▶ [Task brief]
Each and every line below goes into your answer unchanged, but leave out the images.

▶ [Collected material]

▼

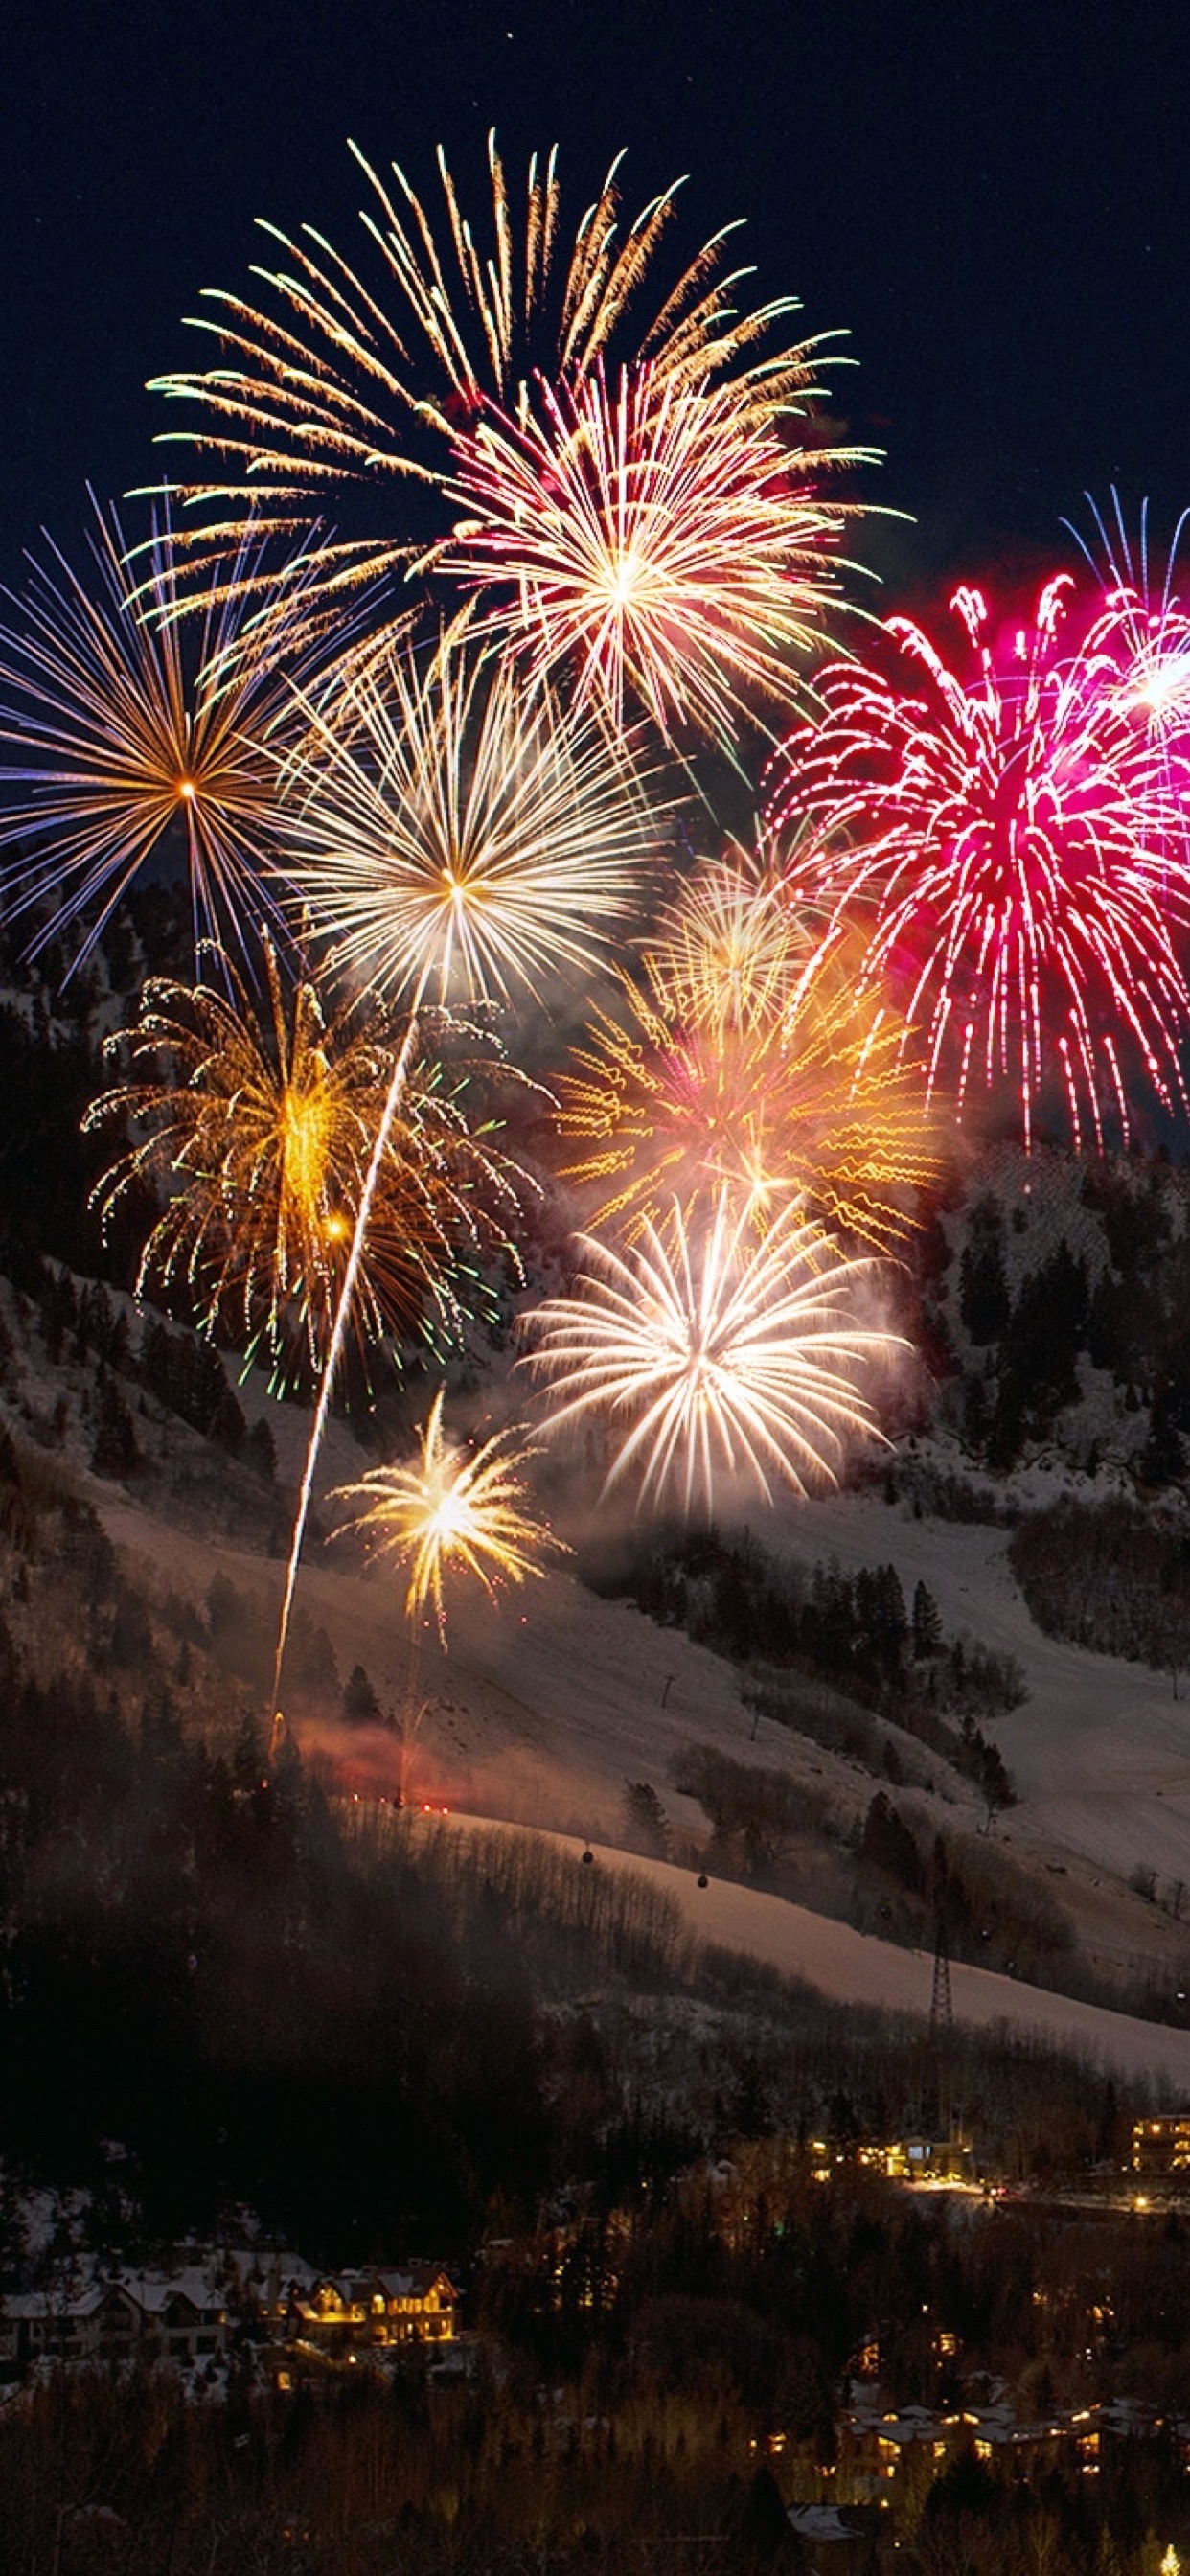 felice anno nuovo sfondo,fuochi d'artificio,natura,cielo,fotografia,capodanno
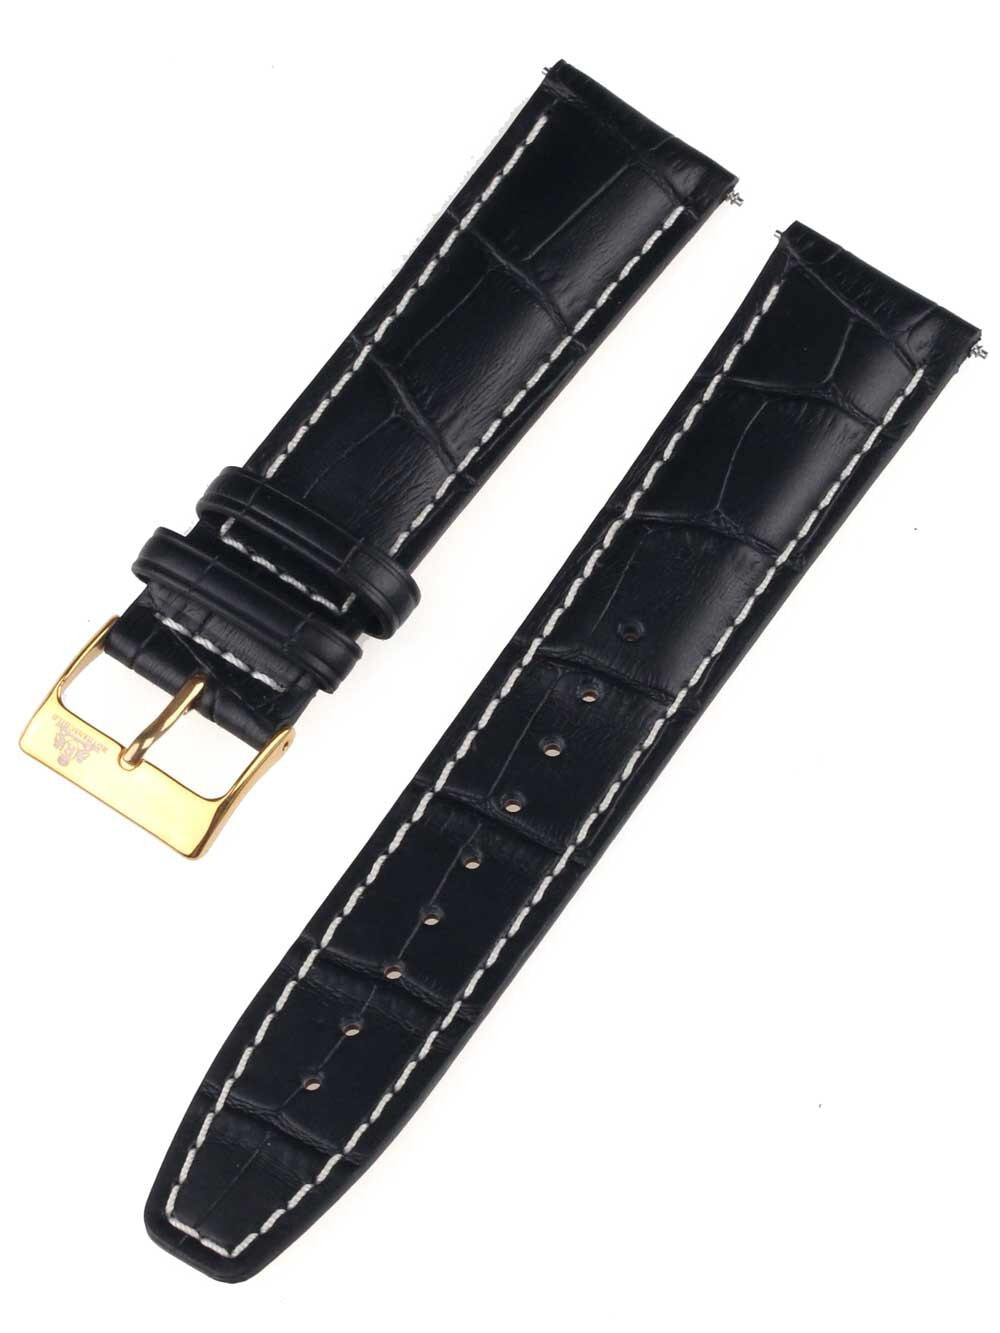 Ремешок или браслет для часов Rothenschild mid-17757 Universal Strap 22mm Black, Gold buckle
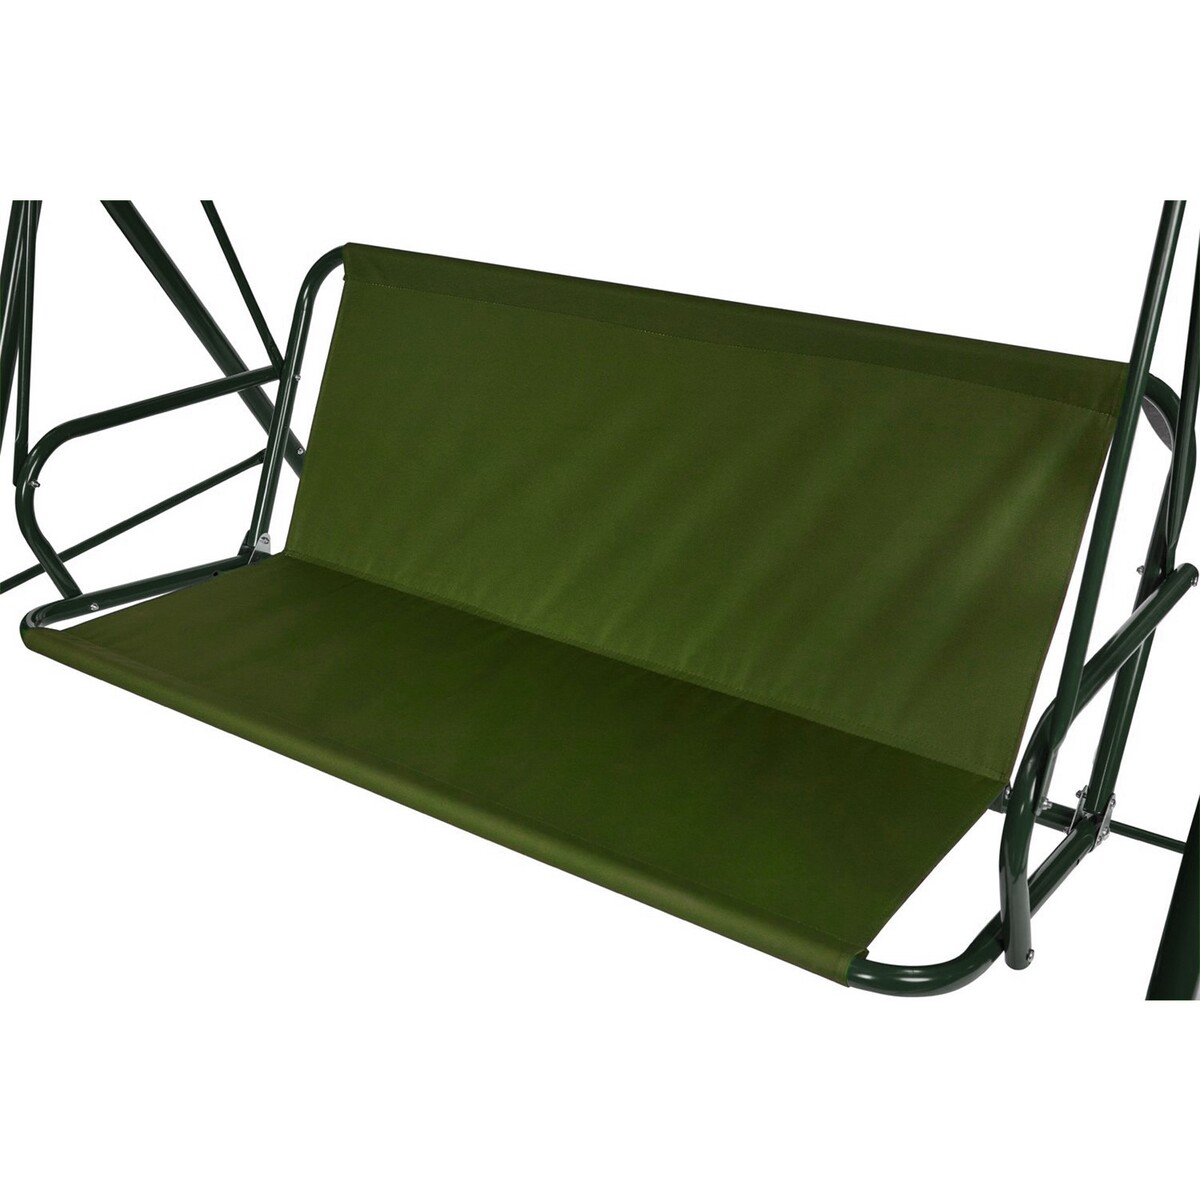 Усиленное тканевое сиденье для садовых качелей 170x52/49 см, оксфорд 600, олива No brand, цвет зеленый 02852691 - фото 1

▲

▶ [Worked solution]
 felice anno nuovo sfondo,fuochi d'artificio,natura,cielo,fotografia,capodanno
 Ремешок или браслет для часов Rothenschild mid-17757 Universal Strap 22mm Black, Gold buckle
 Усиленное тканевое сиденье для садовых качелей 170x52/49 см, оксфорд 600, олива No brand, цвет зеленый 02852691 - фото 1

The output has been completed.